4. Implement log integrity protection: enable CloudTrail log file validation, configure S3 Object Lock on log storage buckets to prevent deletion, use AWS CloudTrail Lake or equivalent for tamper-evident log storage, and restrict IAM permissions that could disable logging or modify log configurations.
5. Deploy cloud-native threat detection services: AWS GuardDuty, GCP Security Command Center, Azure Defender for Cloud. These services analyze cloud logs using machine learning and threat intelligence to detect common attack patterns including cryptocurrency mining, credential compromise, and data exfiltration.
6. Define and implement alerting rules for security-critical events: root account usage, IAM policy changes, security group modifications, CloudTrail configuration changes, S3 bucket policy modifications, new regions activated, and unusual API call patterns. Integrate alerts with your incident response workflow.

Audit logging coverage by enumerating all cloud accounts, regions, and services in use and verifying that audit logging is enabled for each. For AWS, check CloudTrail configuration: aws cloudtrail describe-trails and aws cloudtrail get-trail-status across all regions. Verify data event logging is enabled for S3, Lambda, and other critical services. Check for organization-level trails that ensure new accounts are automatically covered.
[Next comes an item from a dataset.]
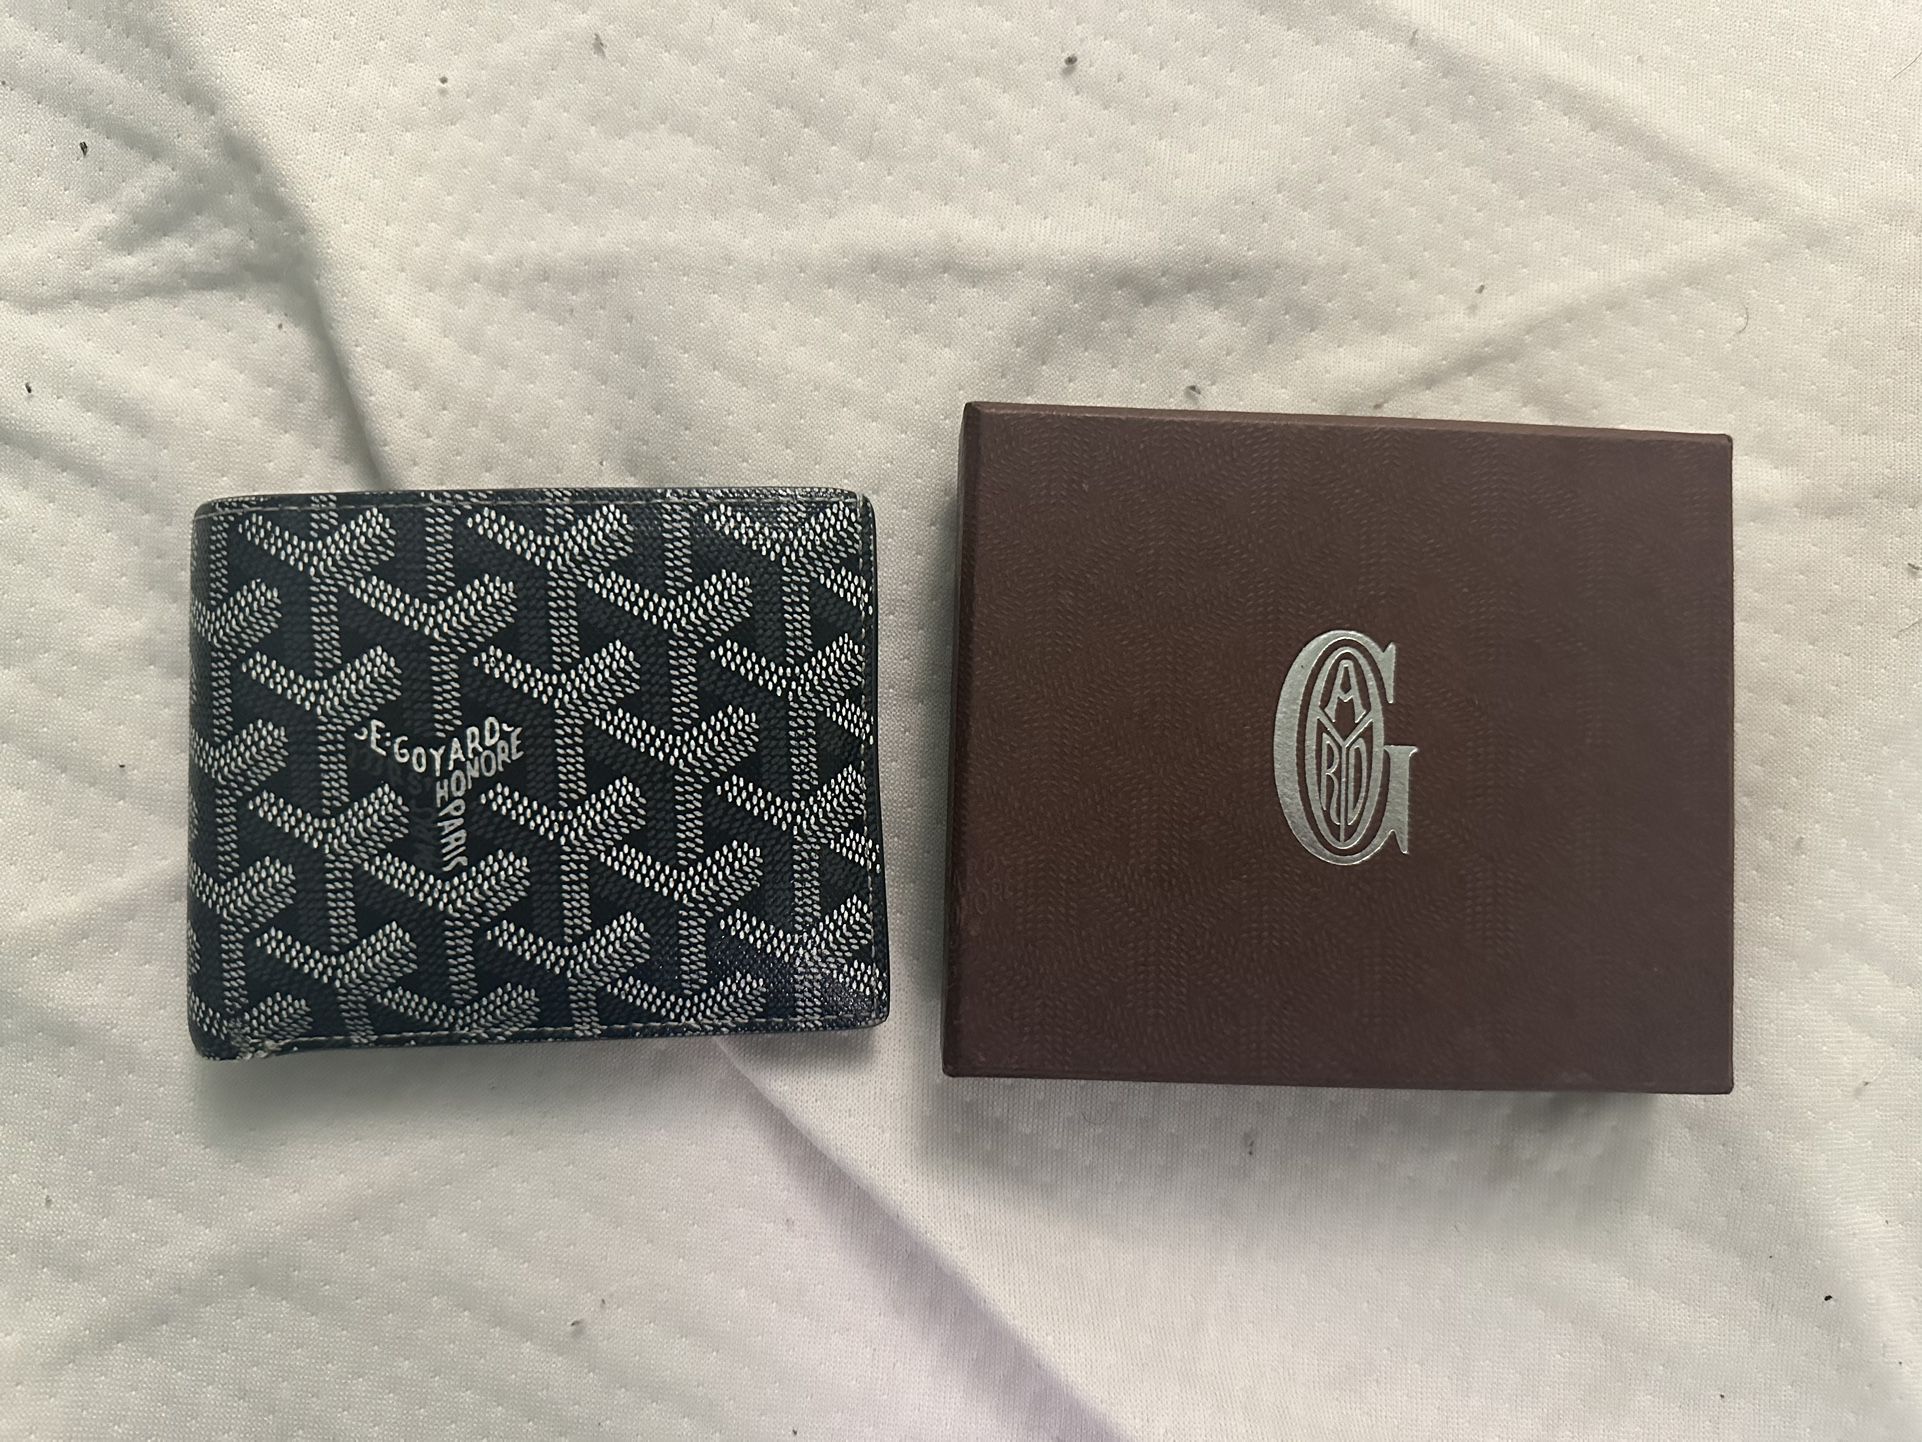 Victoire 8C wallet Black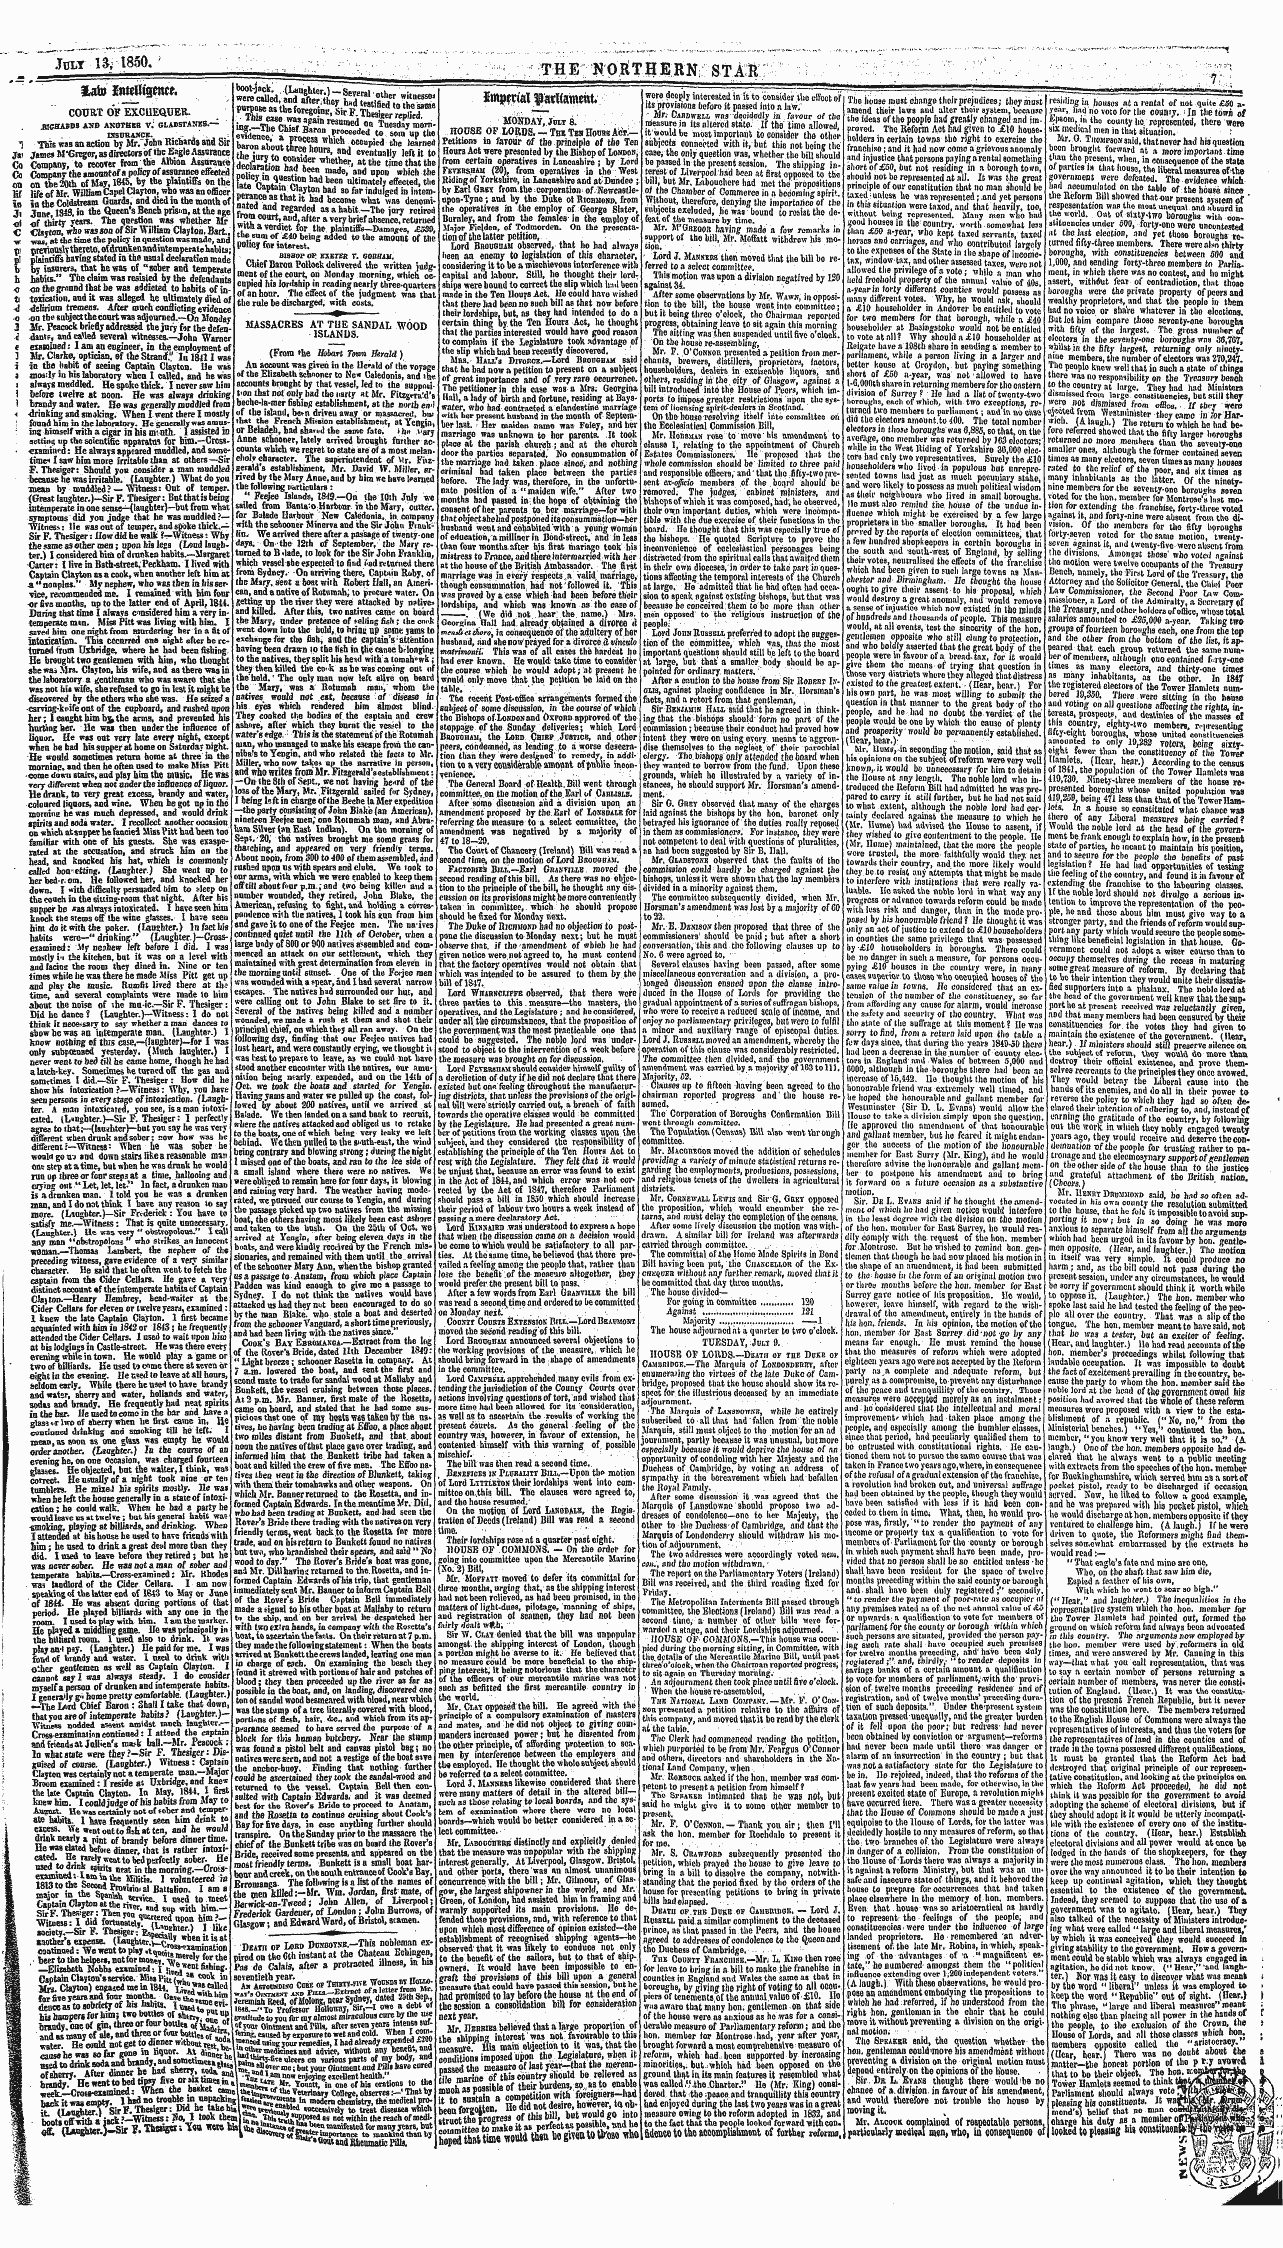 Northern Star (1837-1852): jS F Y, 3rd edition - Iflili ' Fnfelkffttttt. £Ato Jntffutgeitce

Use tools like Prowler or ScoutSuite to automate logging configuration audits against CIS Benchmark requirements.

Test log completeness by performing security-relevant actions and verifying they appear in the centralized logging system with complete context. Create and delete IAM users, modify security groups, access S3 objects, invoke Lambda functions, and verify each action is logged with the actor identity, action, resource, timestamp, and source IP. Measure the latency between action execution and log availability in the SIEM to ensure real-time detection is feasible.

Validate monitoring and alerting by simulating attack scenarios and measuring detection time. Perform actions that should trigger alerts: create IAM access keys for the root account, disable CloudTrail logging, make an S3 bucket public, launch instances in unusual regions, and make API calls from IP addresses outside known ranges. Verify that each scenario triggers the expected alert within the defined SLA. Test log integrity protections by attempting to delete or modify log files from a compromised (non-logging) account and verifying the attempt is blocked and alerted on.